Kansrekenen > Toevalsvariabelen
12345Toevalsvariabelen

Testen

Opgave 15

Het bestuur van de korfbalclub telt zeven leden, vier vrouwen en drie mannen. Door loten wordt daaruit een dagelijks bestuur van drie leden gekozen. Het aantal vrouwen in het dagelijkse bestuur is een toevalsvariabele `Z` .

a

Stel de kansverdeling van `Z` op.

b

Hoe groot is de kans dat er minstens twee vrouwen in het bestuur zitten?

c

Bereken het verwachte aantal vrouwen in het bestuur.

Opgave 16

Vogeldeskundigen willen weten welke vogelsoorten in een bepaald gebied leven. Een eenvoudige manier om daar achter te komen is het maken van een ronde door dat gebied en alle waargenomen vogels te registreren. Men spreekt van een registratie-effectiviteit van `100` % wanneer alle aanwezige vogels opgemerkt worden. In de praktijk blijkt de registratie-effectiviteit per ronde slechts `60` % te zijn, de overige `40` % van de totale vogelpopulatie wordt niet opgemerkt. De Zweedse vogeldeskundige Anders Enemar stelt dat de registratie-effectiviteit door het maken van drie ronden zodanig wordt verhoogd, dat men vrijwel zeker mag aannemen dat alle vogelsoorten zijn opgemerkt. Hij neemt daarbij aan dat iedere aanwezige vogel bij elke ronde `60` % kans heeft om opgemerkt te worden.

a

Bereken hoeveel procent van de totale populatie naar verwachting na drie ronden nog niet zal zijn opgemerkt.

Na drie ronden is de vogelpopulatie verdeeld in vier categorieën: I, II, III, IV.

  • I: niet opgemerkt

  • II: één keer opgemerkt

  • III: twee keer opgemerkt

  • IV: drie keer opgemerkt

b

Welke van deze vier categorieën bevat de meeste exemplaren? Licht je antwoord toe met een berekening.

Stel dat er bij iedere ronde ongeveer `450` vogels worden opgemerkt.

c

Bereken hoeveel vogels er ongeveer bij de derde ronde voor het eerst worden opgemerkt.

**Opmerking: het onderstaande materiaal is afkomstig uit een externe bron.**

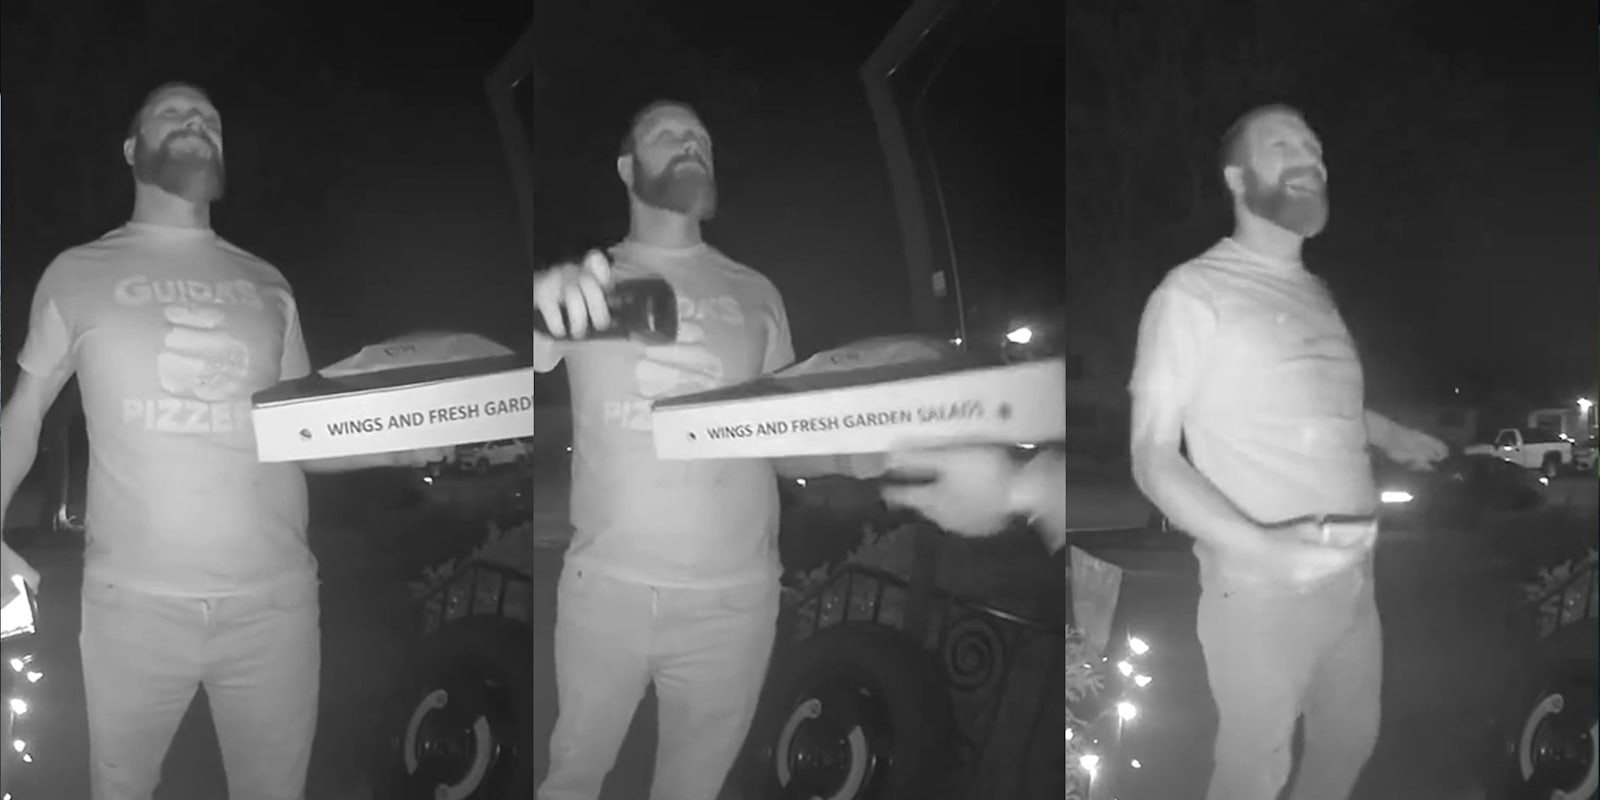 ring.com footage of pizza man speaking (l) ring.com footage of pizza man speaking and customer taking pizza (c) ring.com footage of pizza man speaking (r)

(examen havo wiskunde A in 1990, eerste tijdvak)

Opgave 17
goed fout
machine A `0,6`
machine B `0,4`
`1`

Voor de productie van gevoelige druktoetsen heeft een fabriek twee machines in bedrijf. Machine A neemt `60` % van de productie voor zijn rekening, machine B `40` %. De kans dat een druktoets foutief uit één van beide machines komt, is `0,65` %.

De directie van de fabriek beweert dat het goed-zijn van een druktoets onafhankelijk is van de machine waarmee hij gemaakt is.

Vul de kanstabel (kruistabel) voor de druktoetsen zodanig in dat de bewering van de fabrieksdirectie waar is.